Try it →
Begin at the line that contains "8-10, Apple Spice" and reproduce it along with every line after it to the end of the listing; skip any pictures.

Task material →
---------------
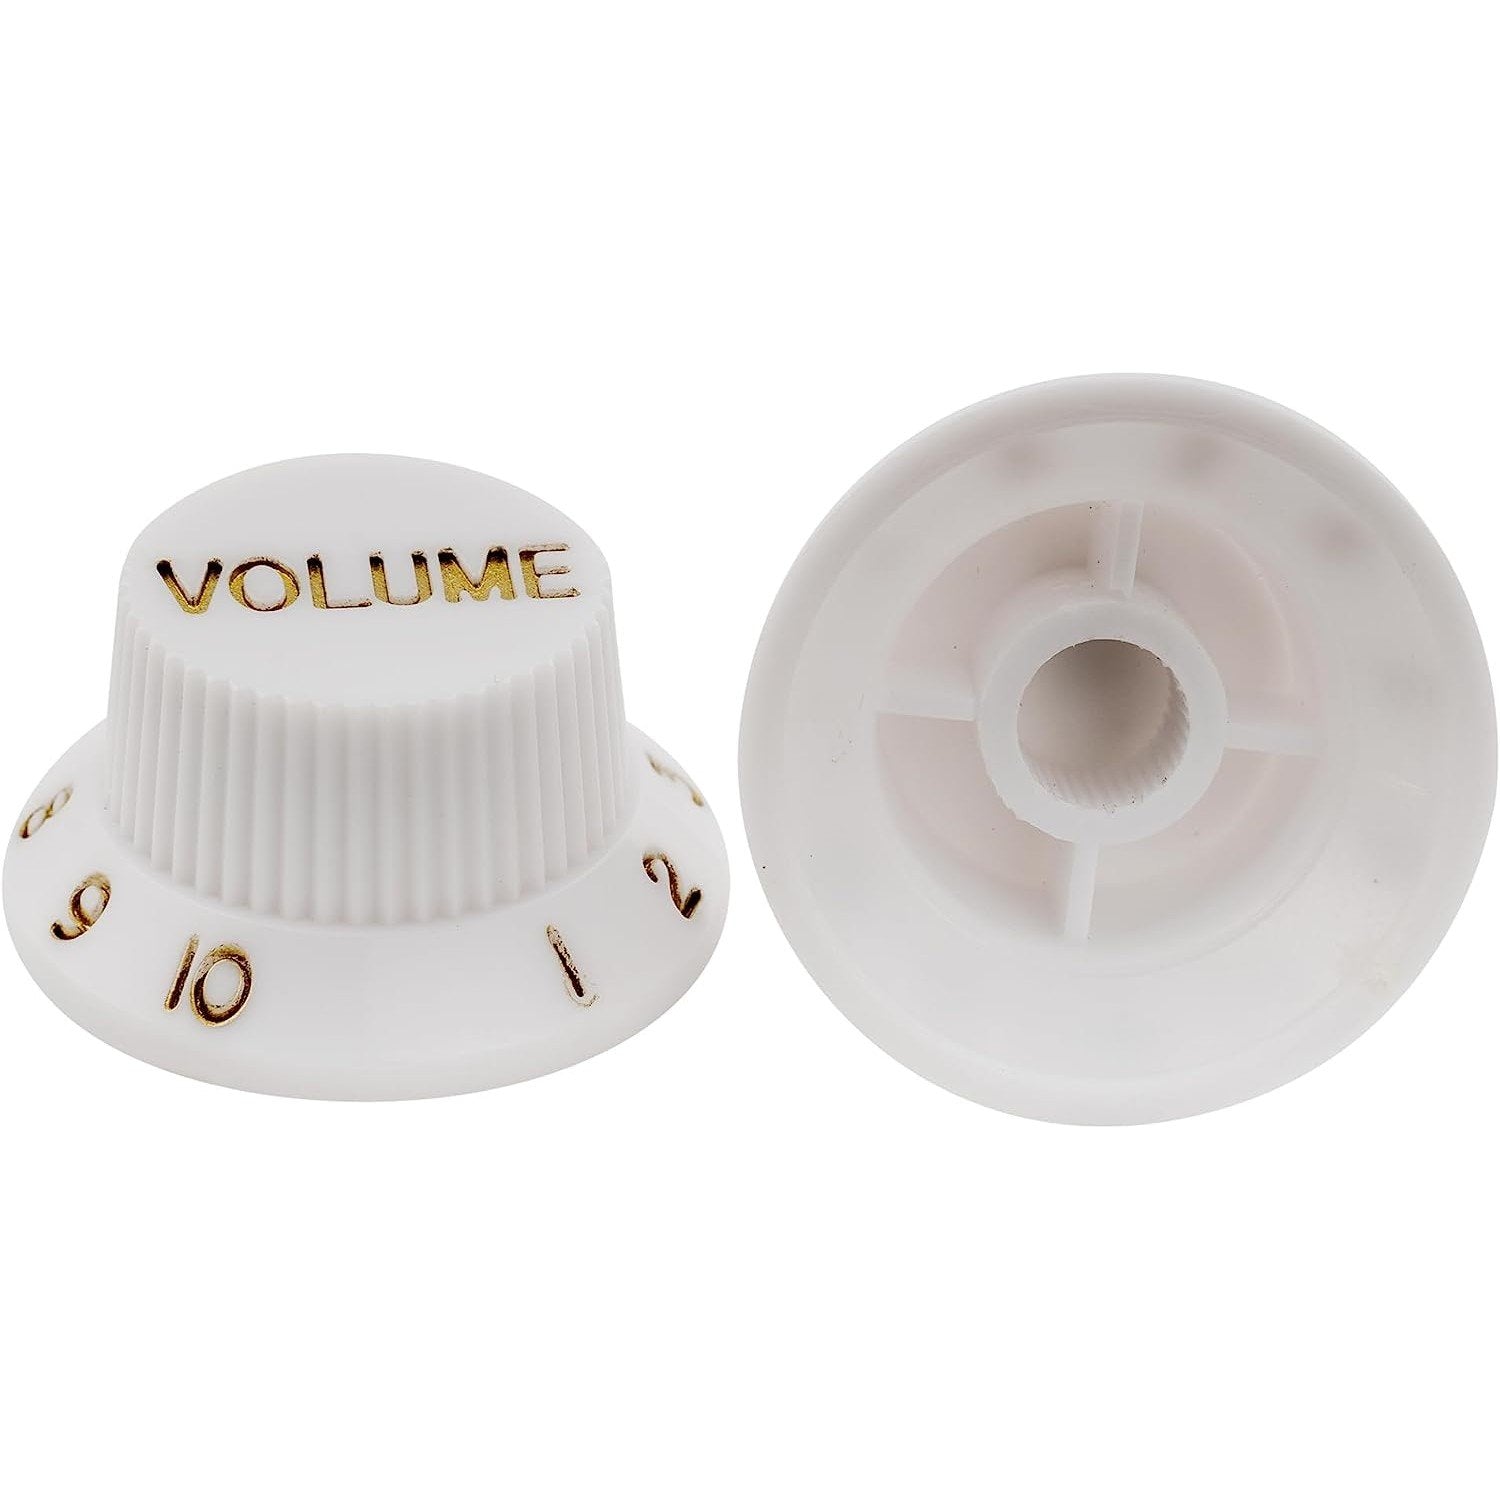 Metric Control Guitar Knobs for Strat
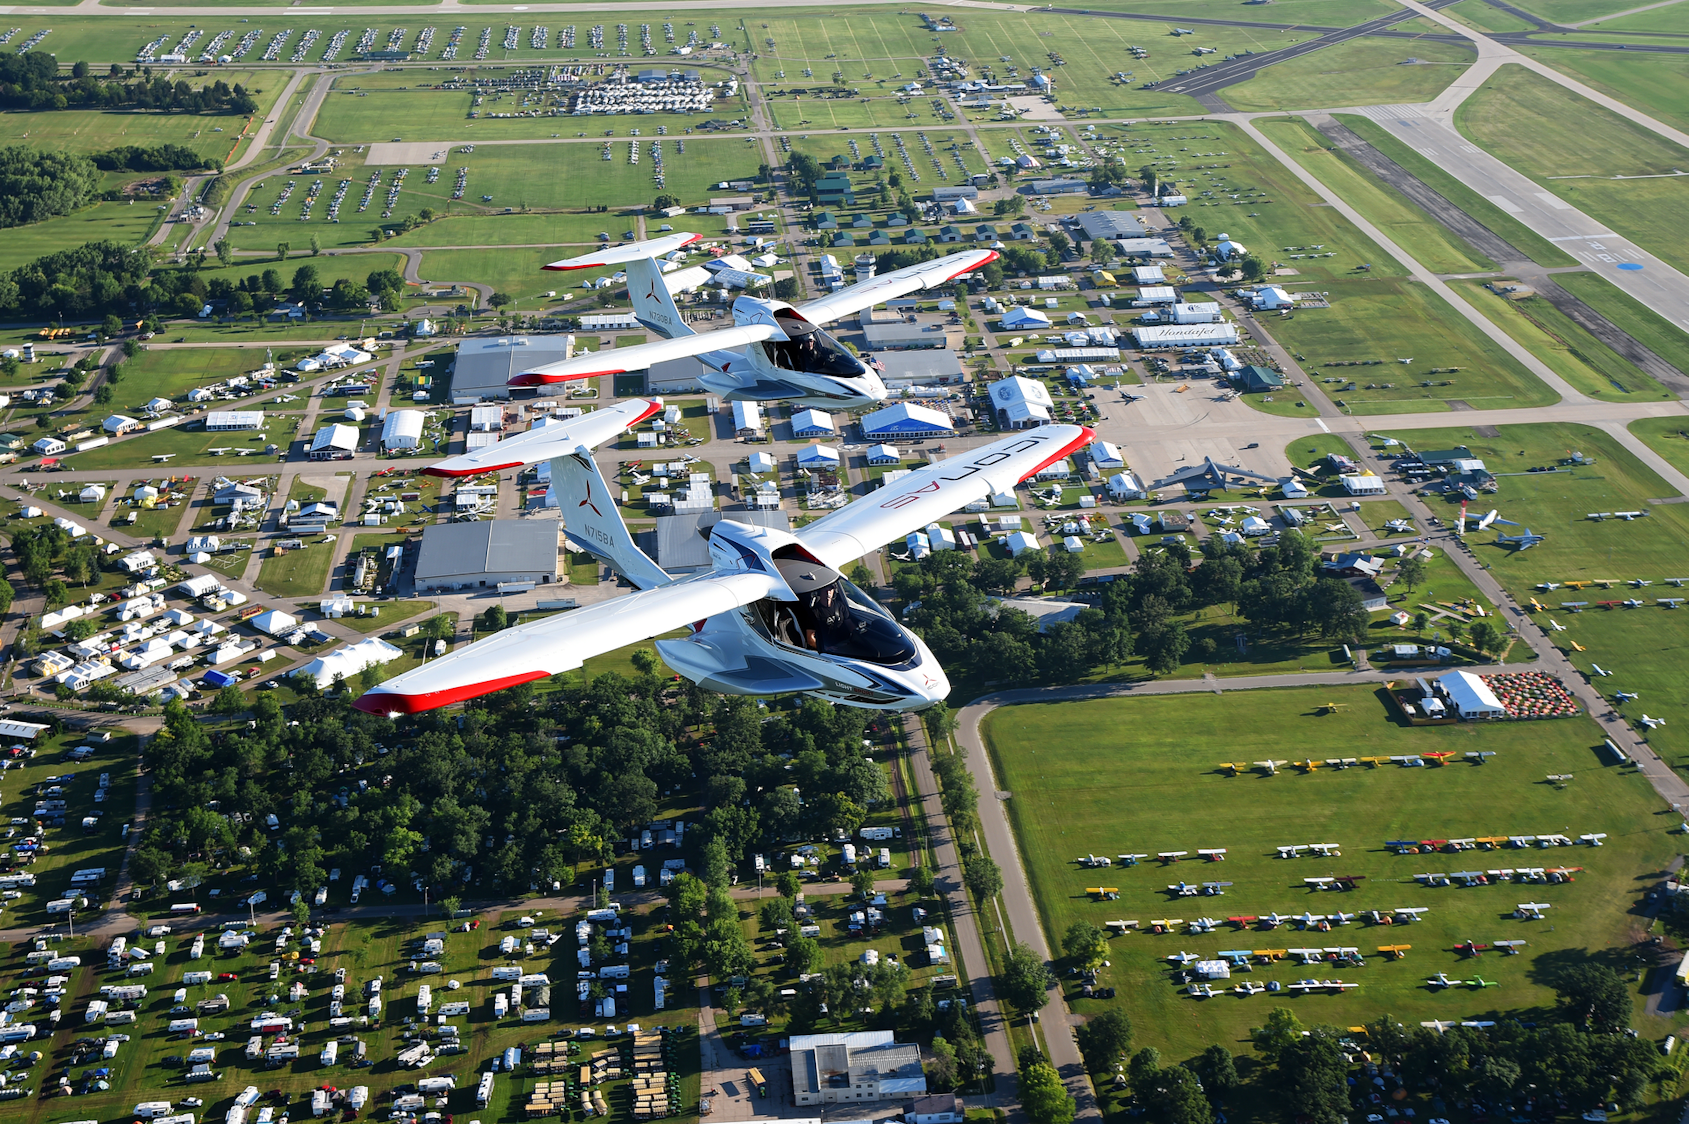 ICON Aircraft Auction Brings Even More Excitement to EAA’s 2016 Gathering of Eagles on July 28
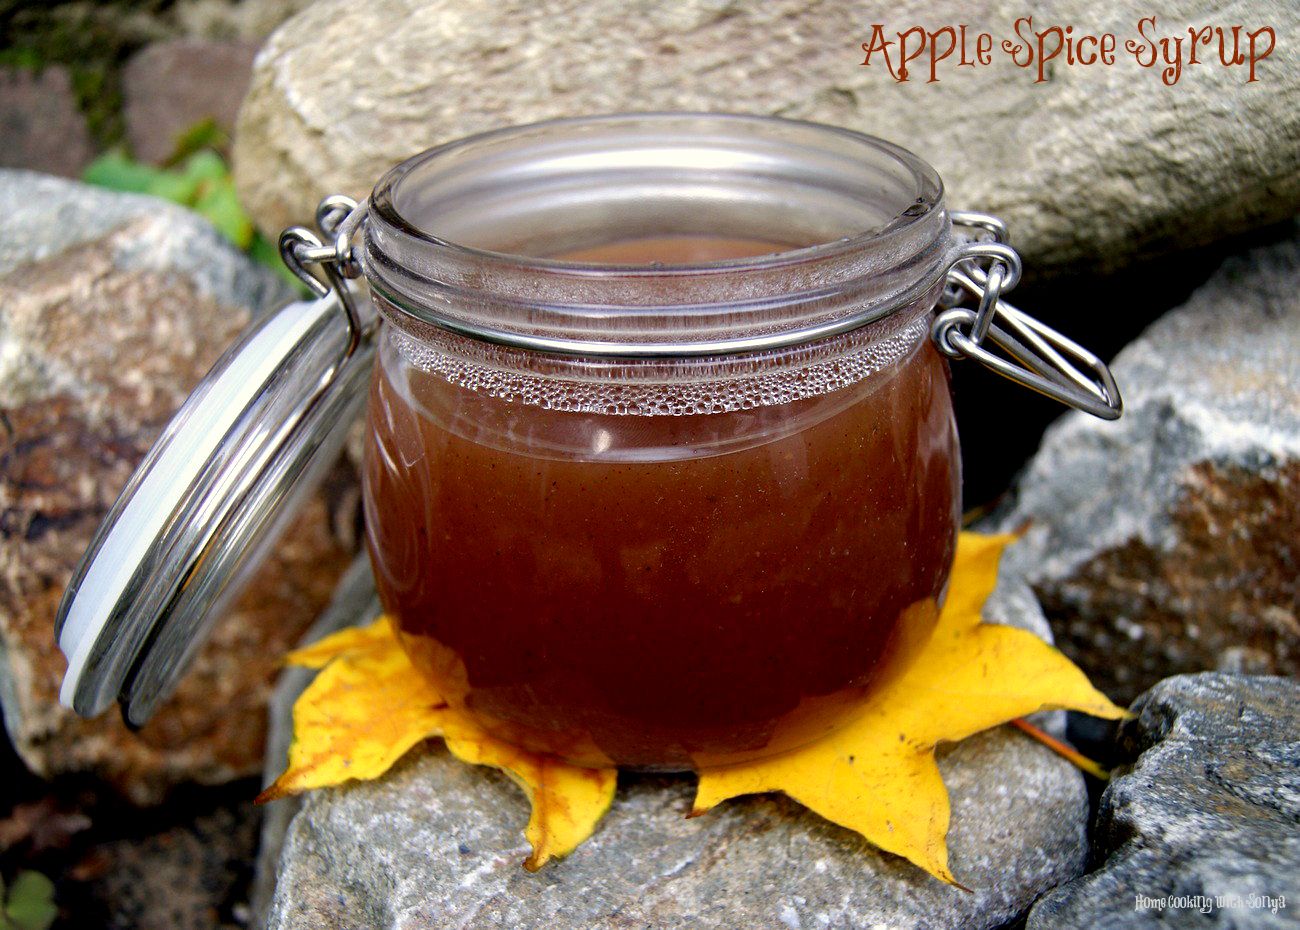 8-10, Apple Spice Syrup..Breakfast just got better :)
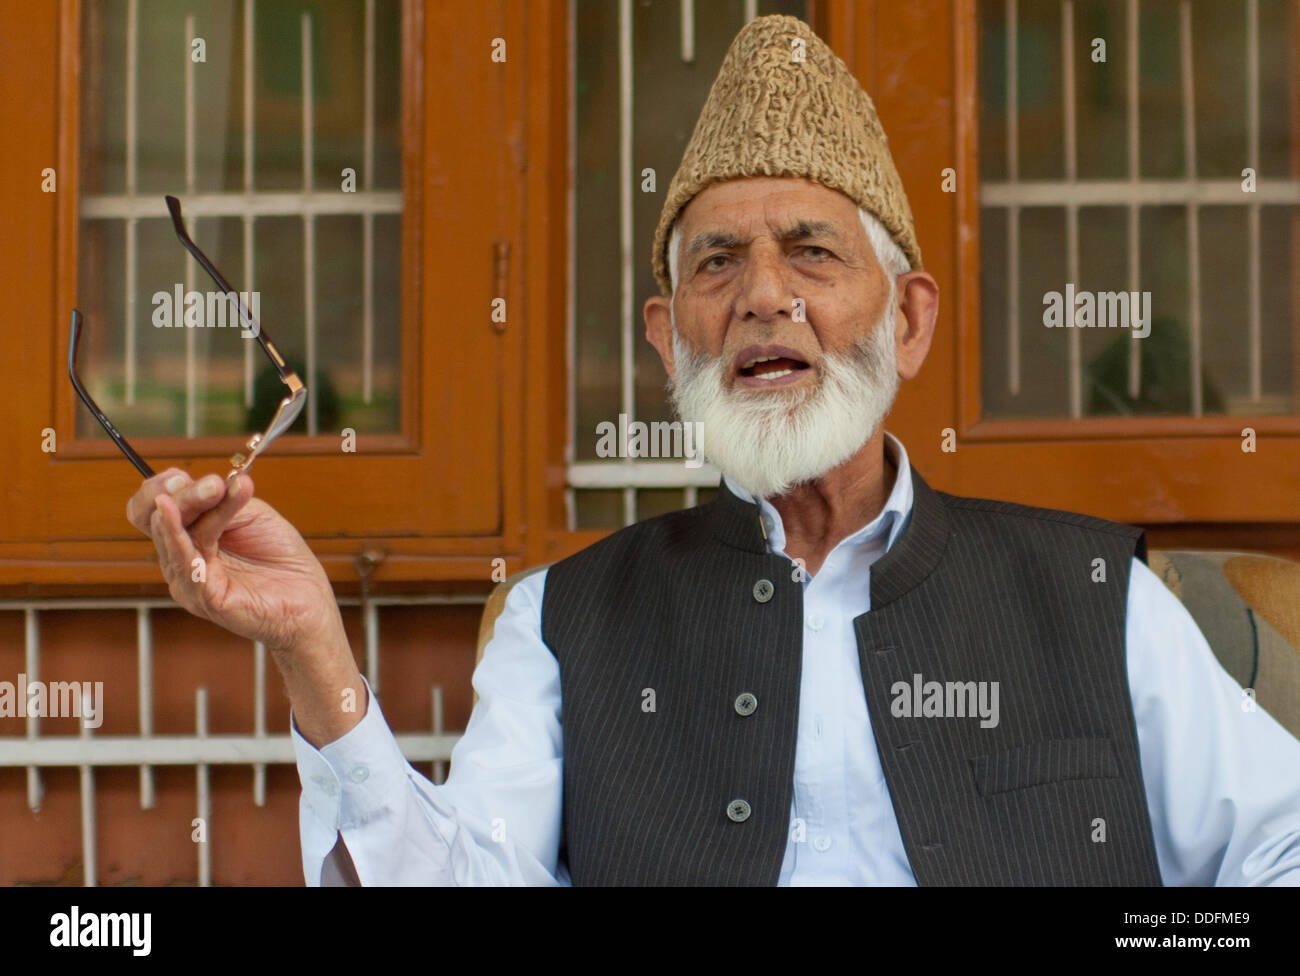 Srinagar, India. 2 September 2013.  Kashmiri separatist leader Syed Ali Geelani addresses a press conference in Srinagar, the summer capital city of Indian-administered Kashmir.  Mr Geelan called for a shutdown on September 7 and peaceful protests on September 6 against  world-renowned orchestra-conductor Zubin Mehta's concert in Srinagar , saying the  event  was meant to divert attention of the international community from 'gross human rights violations being committed by Indian forces against Kashmiris.'  Sofi Suhail/ Alamy Live News) Stock Photo
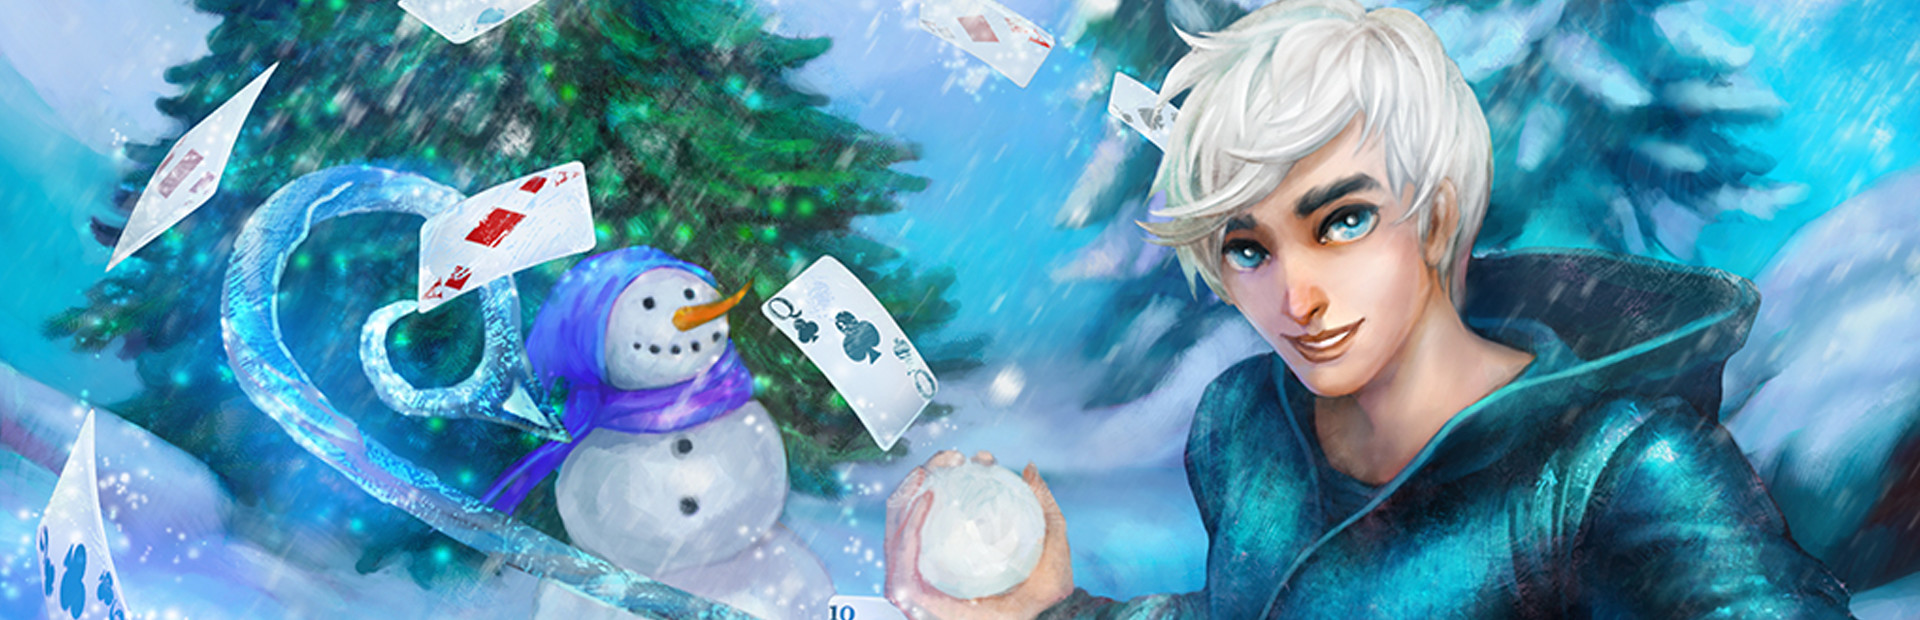 Solitaire Jack Frost Winter Adventures 2 cover image
---------------
Exercise answer →
 8-10, Apple Spice Syrup..Breakfast just got better :)
 Srinagar, India. 2 September 2013.  Kashmiri separatist leader Syed Ali Geelani addresses a press conference in Srinagar, the summer capital city of Indian-administered Kashmir.  Mr Geelan called for a shutdown on September 7 and peaceful protests on September 6 against  world-renowned orchestra-conductor Zubin Mehta's concert in Srinagar , saying the  event  was meant to divert attention of the international community from 'gross human rights violations being committed by Indian forces against Kashmiris.'  Sofi Suhail/ Alamy Live News) Stock Photo
 Solitaire Jack Frost Winter Adventures 2 cover image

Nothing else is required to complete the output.